Sunday, 24 November 2024

Nigeria in a big hole: The debtor states and what they owe their workers, pensioners

Ever since I can remember, one common phrase that I have heard so frequently in our country is that “Nigeria is a rich country that can provide for everybody.” The assumption from that belief is that with petrodollars, our country can meet the needs of all citizens in education (which has to be free from primary to university); healthcare delivery (also to be free) and other essentials of life. It is the same kind of thinking that informed the idea of subsidy in the downstream sector of the petroleum industry that is now another byword for waste and corruption.

Even when representation and taxation are supposed to go together, in Nigeria, we have virtually turned government to one big Father Christmas that makes little or no demand of citizens yet provides everything for them.
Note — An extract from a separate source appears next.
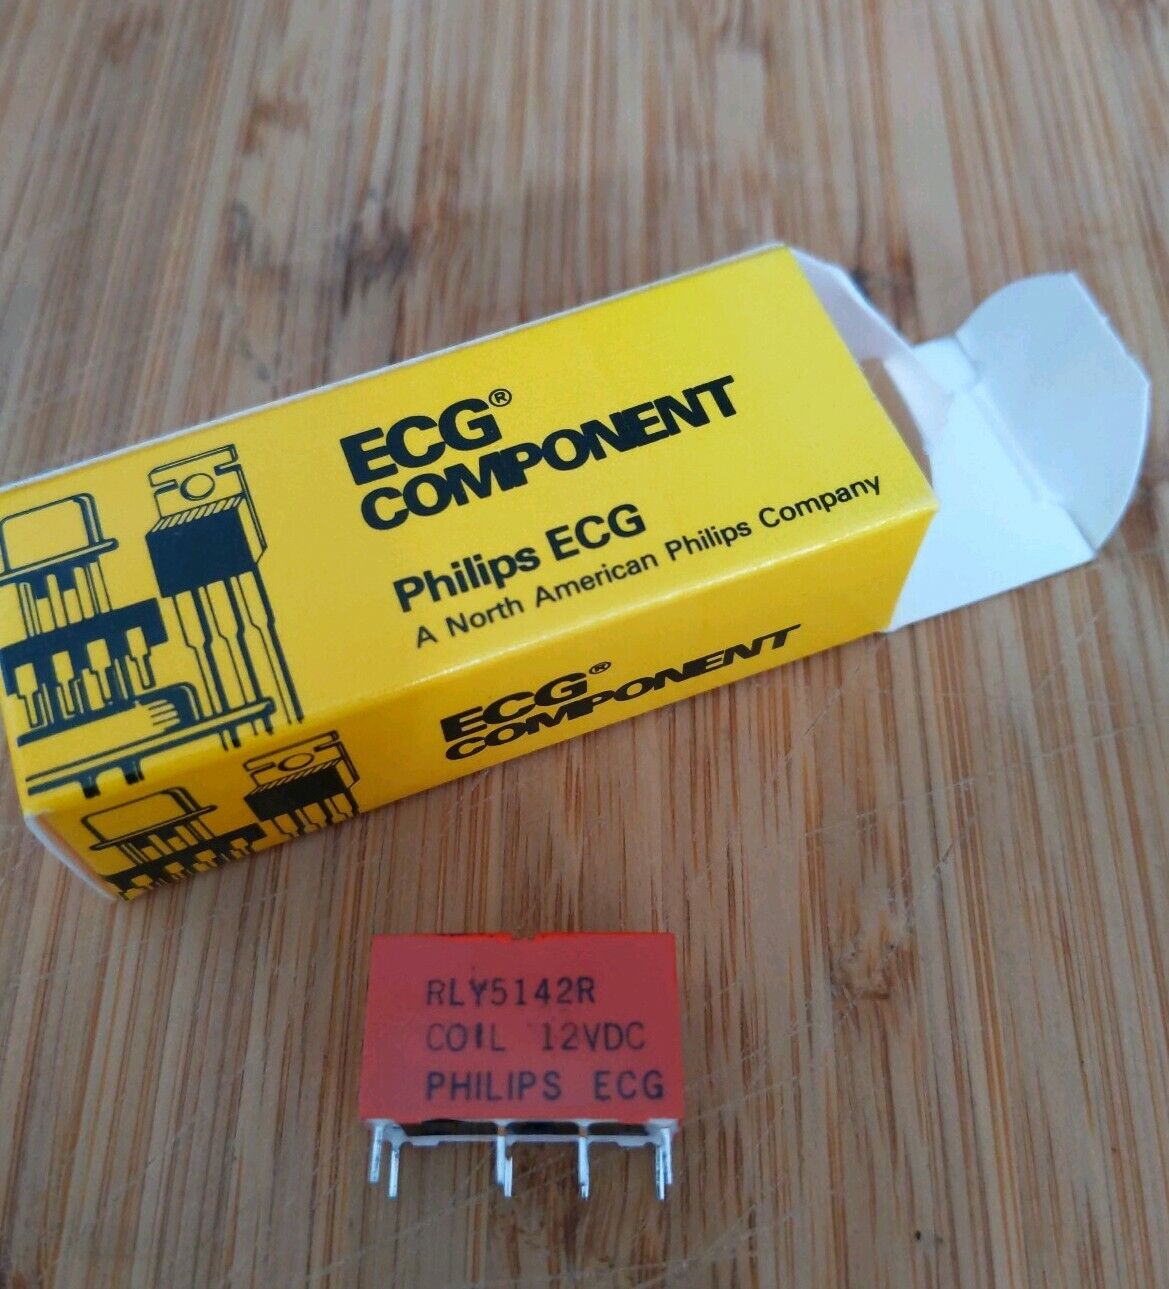 Philips ecg rly5142r dpdt  2A Coil 12 vdc Relay (BL100)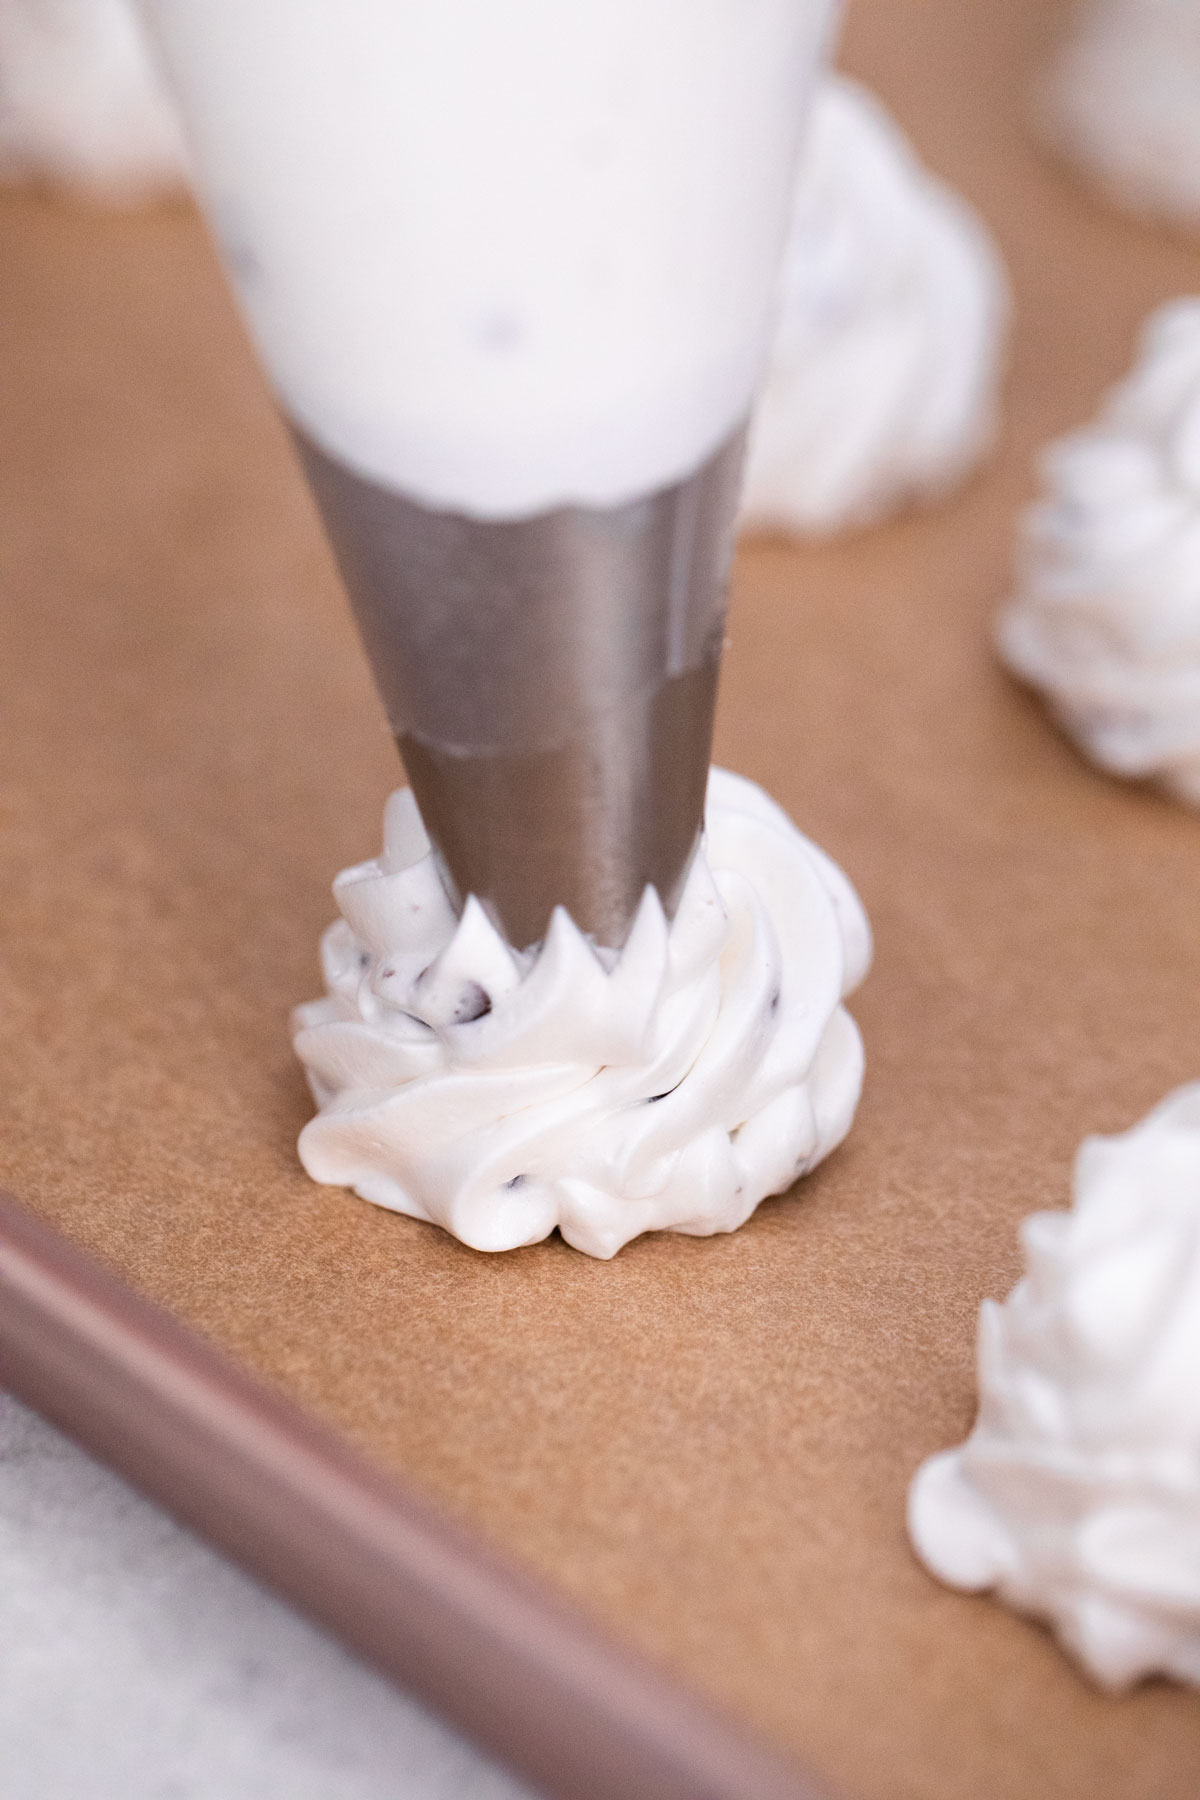 A pastry bag with a metal tip piping meringue onto parchment paper, forming a swirl next to other completed swirls.

That perhaps explains why at every season those in authorities keep putting thousands of people on the payroll, at practically all levels, even when there may be no real job for them to do.

Having squandered all the opportunities to move in a direction that could have ensured national prosperity, as many countries in similar circumstance with us several decades ago have successfully done, it is no surprise that Nigeria has today ended in a big hole. Yet, while conventional wisdom teaches that when you are in such difficult situation you stop digging, it would seem that many of those in authorities actually believe that the solution to our problem lies in digging ourselves out of the hole. It never works that way.

Although he may be writing about a different people, American writer, Matt Taibbi, not too long ago made a point that indeed applies to the Nigerian condition today. He wrote: “Here’s what this game comes down to. Politicians run for office, promising to deliver law and order, safe and clean streets, and good schools. Then they get elected, and instead of paying for the cops, garbagemen, teachers and firefighters they only just 10 minutes ago promised voters, they intercept taxpayer money allocated for those workers and blow it on other stuff. It’s the governmental equivalent of stealing from your kids’ college fund to buy lap dances.”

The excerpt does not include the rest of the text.